Он лежал под открытым небом, запутанный в спальный мешок. Кто-то выволок его из палатки, и теперь сжимал ему руки, стараясь утихомирить его дергающееся тело. Когда в его голову вернулся разум, и осознание того, что все пережитое им было лишь дурным сном, Феликс понял, что это Дэй схватил оба его запястья, и прижал мертвой хваткой к земле одной лишь своей левой рукой. Посмотрев вниз, Феликс увидел Синоха, который удерживал его ноги, и с куда большим напряжением на лице, чем у Дэя. Было видно, что это стоило ему непростых усилий, хотя Феликс и не понимал почему.

— Что случилось? — задыхаясь проговорил Феликс, и в душе обрадовался тому, что его голос вновь стал прежним.

— Господин Феликс. — послышался рядом с ним испуганный голос Милу. — Господин Феликс, вам приснился злой сон. Вы кричали и брыкались.

— Кричал? Милостивая Дева, но не настолько же, чтобы скрутить несчастного человека как ягненка на бойне? — к Феликсу начала подступать непонятная злоба, которая совсем недавно разливалась в нем бурлящими потоками. — Бога ради, отпустите меня уже! — он рванулся вперед, и Дэй наконец выпустил его руки, которые теперь болели так, словно побывали в железных кандалах.

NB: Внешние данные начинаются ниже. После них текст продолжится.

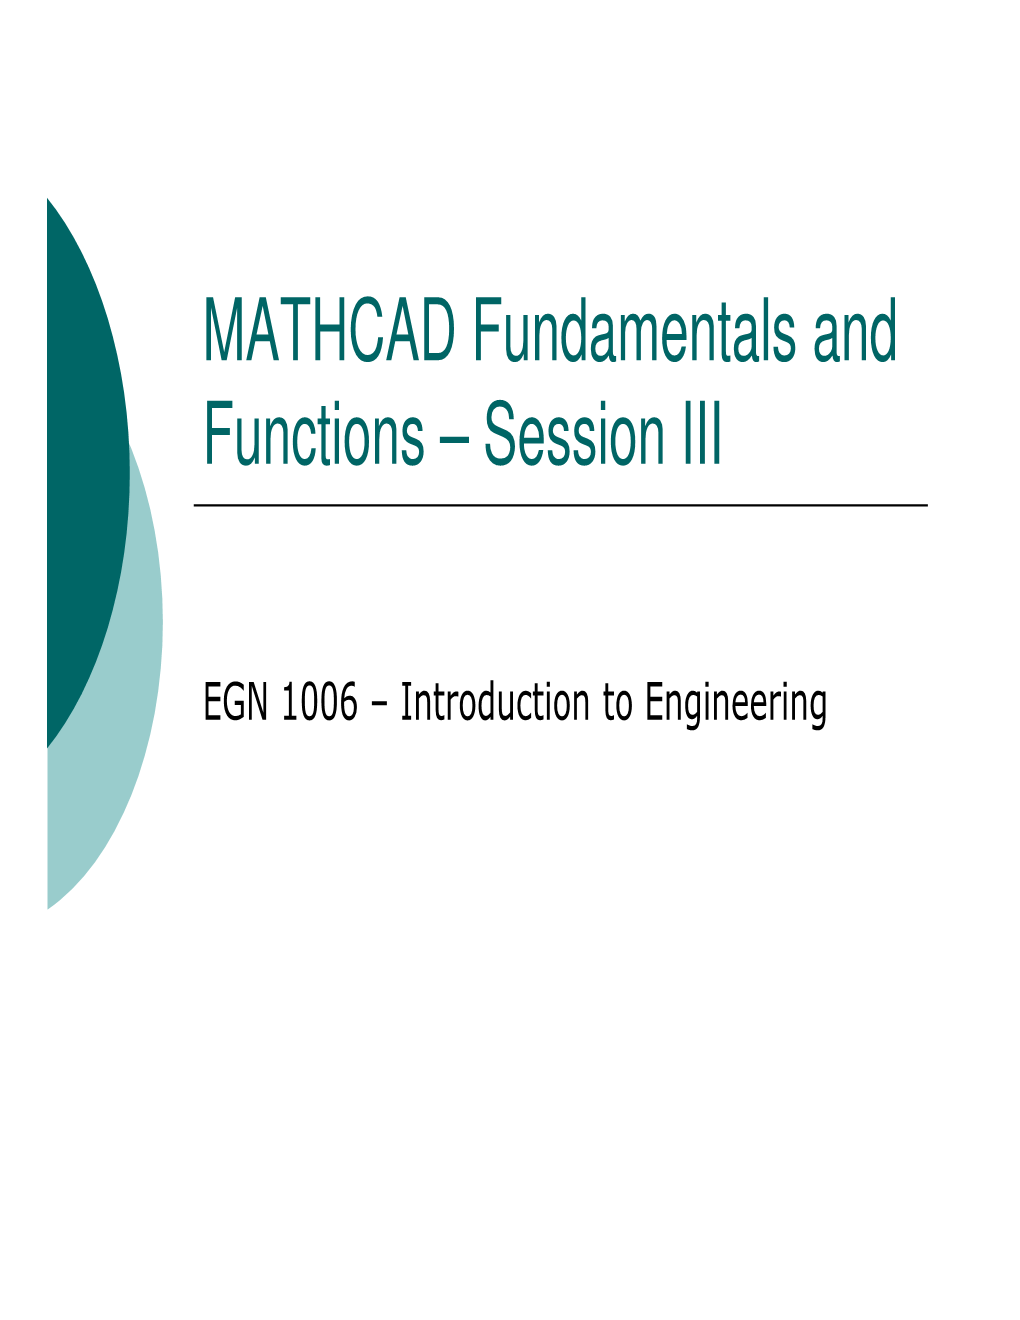 MATHCAD Fundamentals and Functions – Session III

— Вы имели великую силу в ногах. — проговорил Синох, устало садясь напротив него.

— Тебе снова снилась та пустыня? — спросил Дэй встревоженным голосом.

— Да. — сухо ответил Феликс, который теперь чувствовал стыд за то, что своим криком перебудил половину лагеря. Он стал делать вид, что ищет что-то в карманах куртки, хотя сам старался вспомнить, что именно ему тогда снилось. Воспоминания быстро улетучивались, заменяясь новыми. И когда это он успел рассказать Дэю про свои сны? Видения пустыни уже давно преследовали его, а после того, как Феликса вместе с остальными схватили пикты, эти тревожные сны стали преследовать его каждый день. Всегда в них Феликс просто брел по безликой пустоши, и лишь сегодня столкнулся с чем-то новым.

— Ты помнишь что-нибудь? — спросил Дэй непринужденным тоном. — Из своего сна.

— А почему это тебя так интересует? — поинтересовался Феликс, и не дожидаясь ответа, продолжил: — Вроде бы там была какая-то женщина, которая пела. — закончив притворяться, Феликс поднялся на ноги и стал сворачивать свой мешок, чтобы отнести его обратно в палатку. Уже близился рассвет, и дальше спать ему не хотелось.

— Поющая женщина? — переспросил Дэй. — Она настолько плохо пела, что ты не выдержал?

— Нет, ее пение было прекрасным. — быстро ответил Феликс, не глядя на Дэя.

— Вот как… — проговорил тот, и тихонько ухмыльнулся.

Феликс не хотел продолжать этот разговор, и он поспешил вернуться в палатку, откуда затем направился к центру лагеря, где догорал костер, над которым уже висел котелок с водой. Милу, как обычно, помогал Дагрибу — самому старому из всех наемников, у которого была маска в виде каракатицы — готовить завтрак.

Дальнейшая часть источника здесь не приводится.